Long-Tailed Garbage-Line Web Spider
- Conservation status: Least Concern (SANBI Red List)

Scientific classification
- Kingdom: Animalia
- Phylum: Arthropoda
- Subphylum: Chelicerata
- Class: Arachnida
- Order: Araneae
- Infraorder: Araneomorphae
- Family: Araneidae
- Genus: Cyclosa
- Species: C. elongata
- Binomial name: Cyclosa elongata (Lawrence, 1947)
- Synonyms: Nemoscolus elongatus Lawrence, 1947 ;

= Cyclosa elongata =

- Authority: (Lawrence, 1947)
- Conservation status: LC

Species of spider

Cyclosa elongata is a species of spider in the family Araneidae.

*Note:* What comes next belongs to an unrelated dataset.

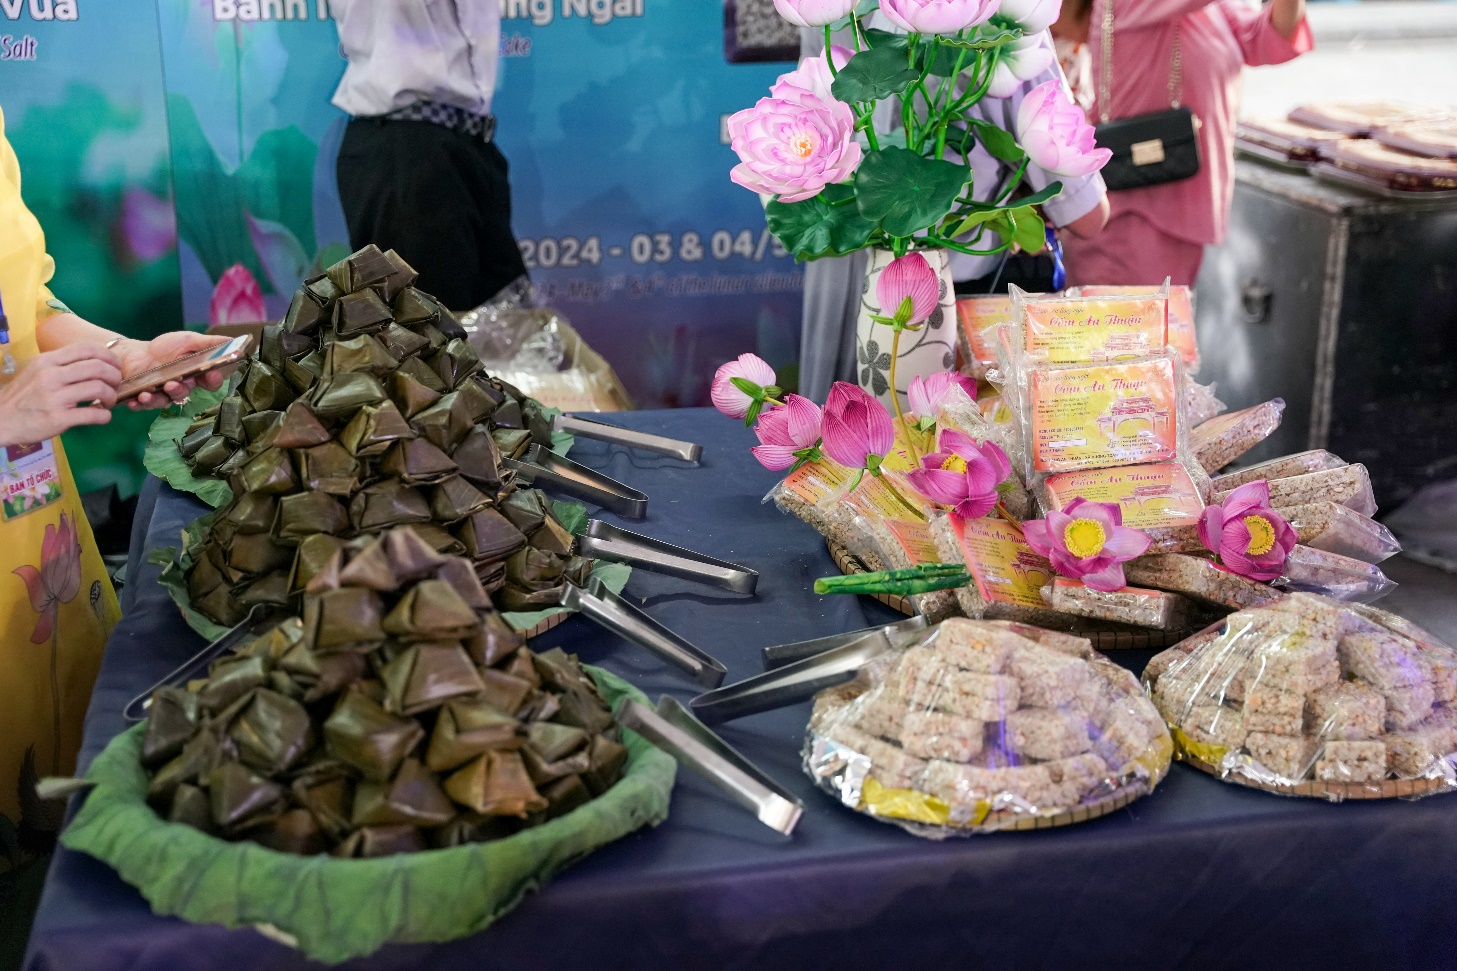 Đi xem Festival Huế, thưởng thức ẩm thực chay ngon miệng - 4

It is endemic to South Africa and is commonly known as the long-tailed garbage-line web spider.

==Distribution==
Cyclosa elongata has a wide distribution across four South African provinces, Eastern Cape, KwaZulu-Natal, Limpopo, and Mpumalanga. Notable locations include Addo Elephant National Park, Baviaanskloof Nature Reserve, iSimangaliso Wetland Park, Ndumo Game Reserve, Kruger National Park, and Tembe Elephant Park.

==Habitat and ecology==
The species inhabits multiple biomes including Grassland, Savanna, and Forest biomes at altitudes ranging from 4 to 1519 m above sea level. The species makes a vertical orb web with a stabilimentum of prey remains. It has been sampled from citrus and pistachio orchards, and cotton fields.

==Conservation==
Cyclosa elongata is listed as Least Concern by the South African National Biodiversity Institute due to its wide geographical range. The species is protected in 12 protected areas including Addo Elephant National Park, Baviaanskloof Nature Reserve, Kruger National Park, and Ndumo Game Reserve.

==Taxonomy==
The species was originally described as Nemoscolus elongatus by Reginald Frederick Lawrence in 1947, but was later transferred to the genus Cyclosa. The species has not been revised and is known only from the female.